El primero afirma que Si se quiere construir una paz verdadera, ¿cómo se puede separar, o incluso oponer, la protección del ambiente y la de la vida humana, comprendida la vida antes del nacimiento? En el respeto de la persona humana hacia ella misma es donde se manifiesta su sentido de responsabilidad por la creación. Pues, como enseña santo Tomás de Aquino, el hombre representa lo más noble del universo. Las palabras de Benedicto XVI son claras.
La Iglesia defiende al ser humano en su integridad, no sólo a ese ser humano fuerte, joven y capaz de decidir por sí mismo que nos presentan como modelo a imitar en las sociedades desarrolladas. A ese arquetipo de persona se le suele atribuir, en el marco de la corrección política imperante, una alta conciencia ecológica, que suele ser más teórica que real, y que en ocasiones obedece a imperativos de las modas o una especie de impulso sentimental.
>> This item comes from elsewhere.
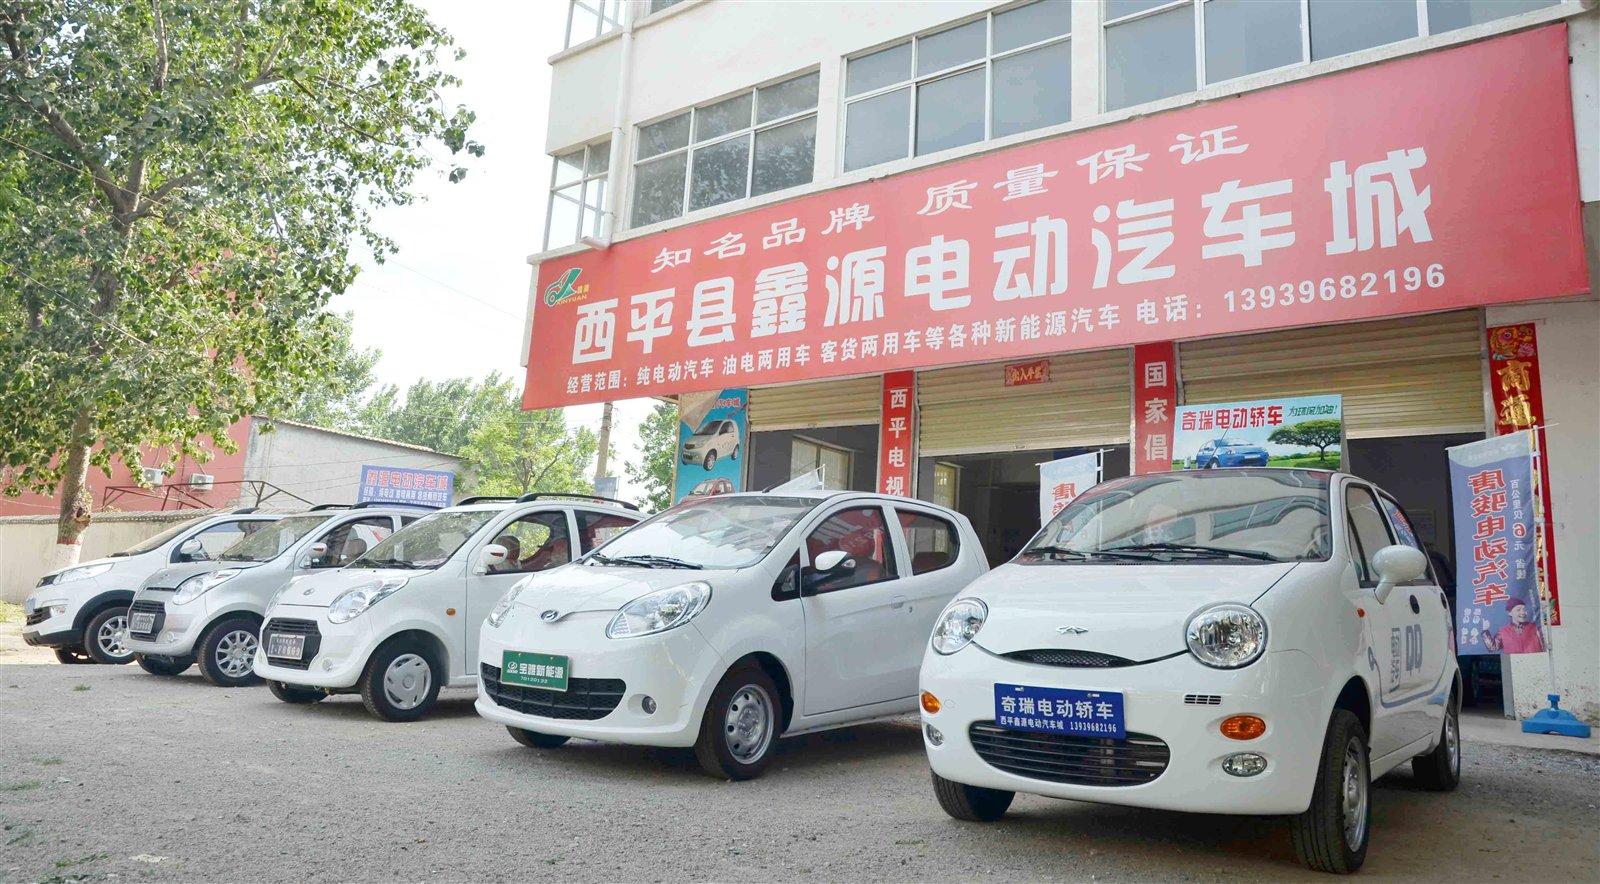 聊城昌隆汽贸有限公司怎么样,地址,电话,营业时间-城际分类网
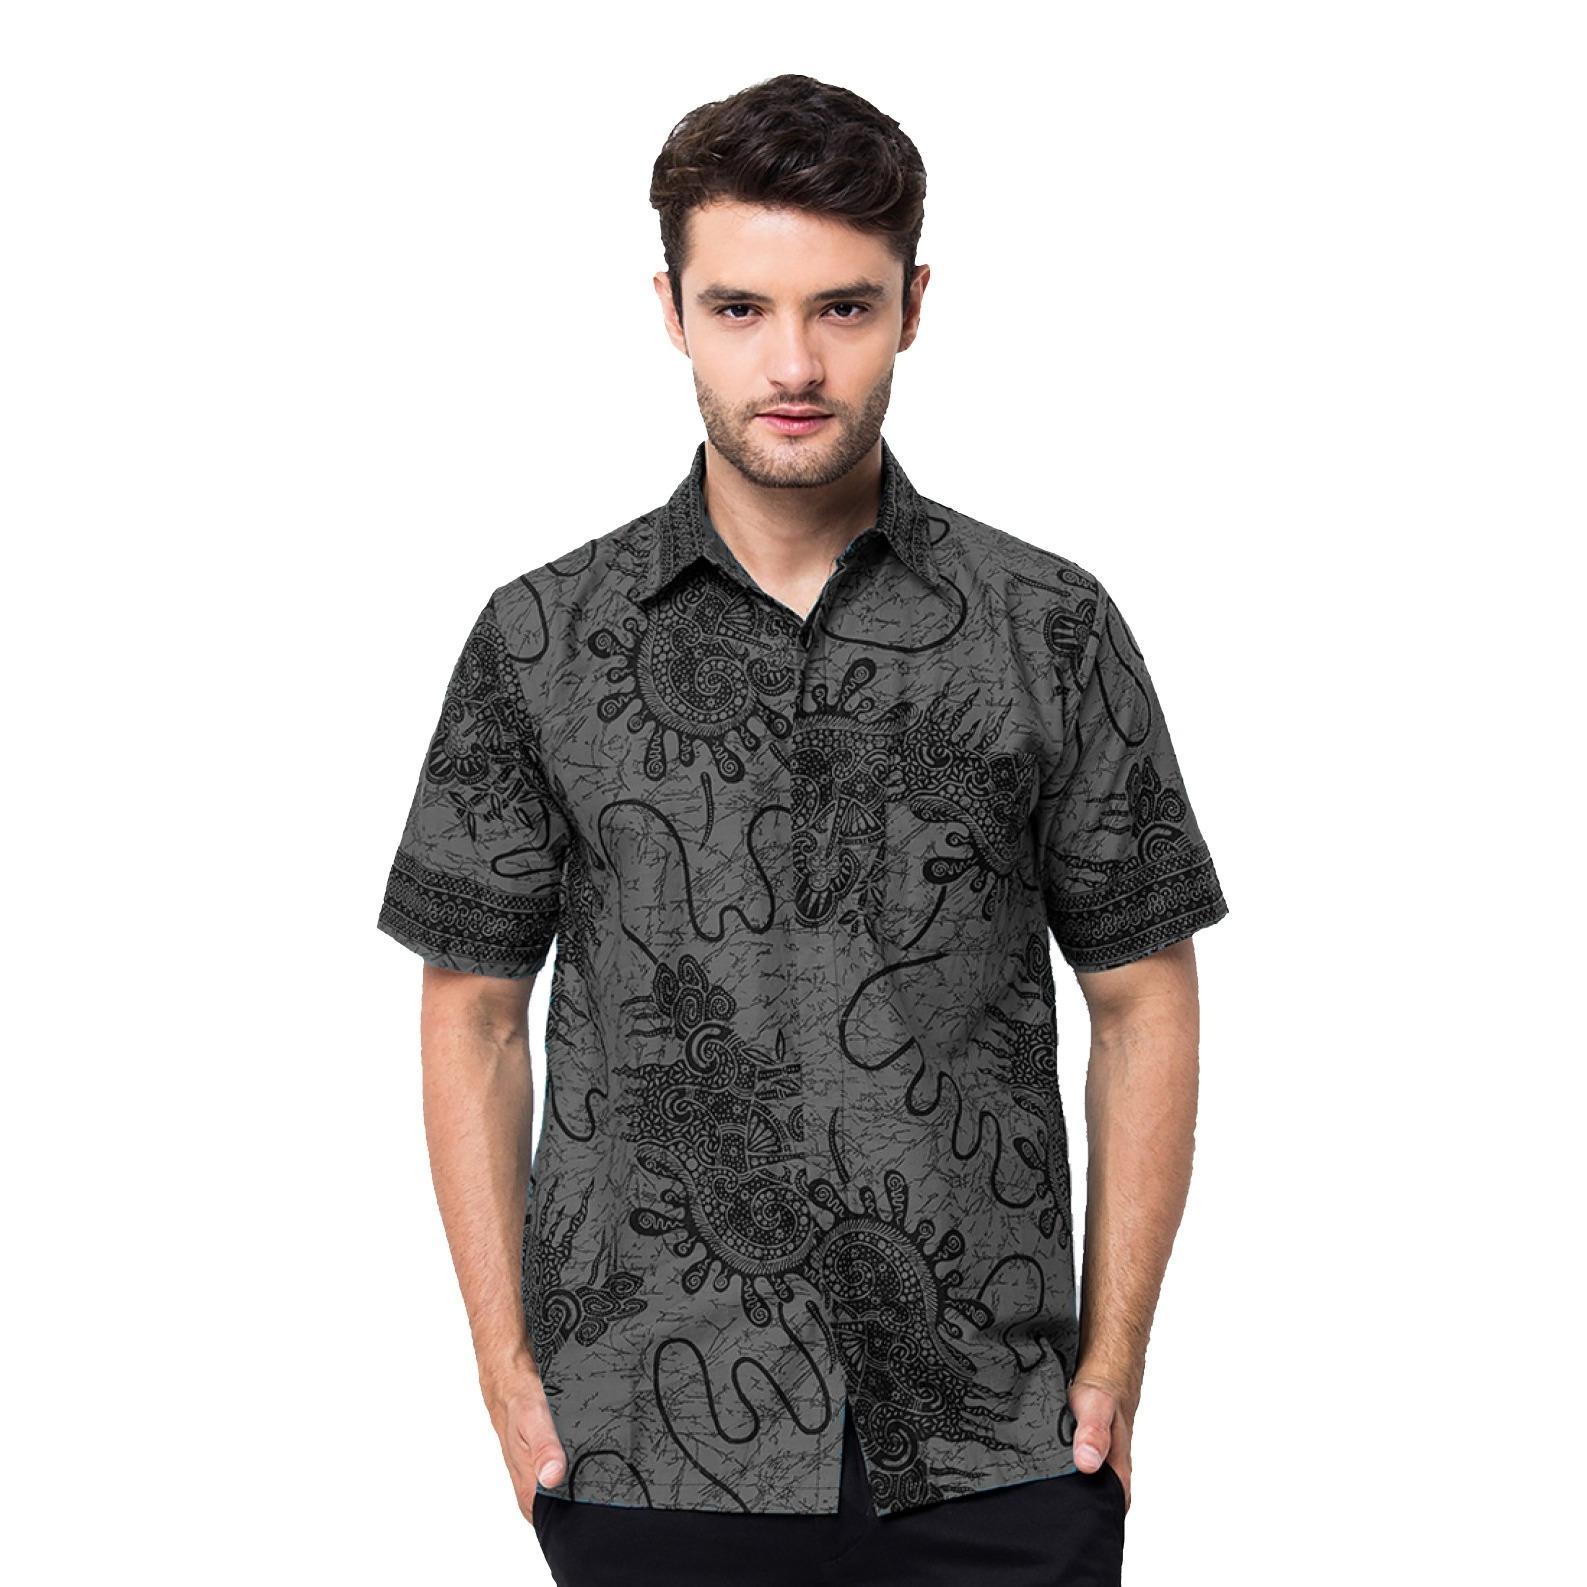 Baju Kemeja Batik pria Lengan Pendek Bahan Katun

A ese mismo arquetipo se le atribuyen deseos de paz para toda la humanidad, aunque esa paz no tenga contornos definidos. Pero la gran tragedia de nuestro tiempo es que algunas buenas intenciones sobre la paz y el medio ambiente transforman su rostro amable en adusto cuando se habla de protección de la vida humana antes del nacimiento.
Un lenguaje político y social de corte orwelliano se difunde a través de una poderosa máquina mediática para decirnos que defender la vida supone un atentado a los derechos humanos, derechos que sólo se miden a través del prisma de una acrítica libertad de elección.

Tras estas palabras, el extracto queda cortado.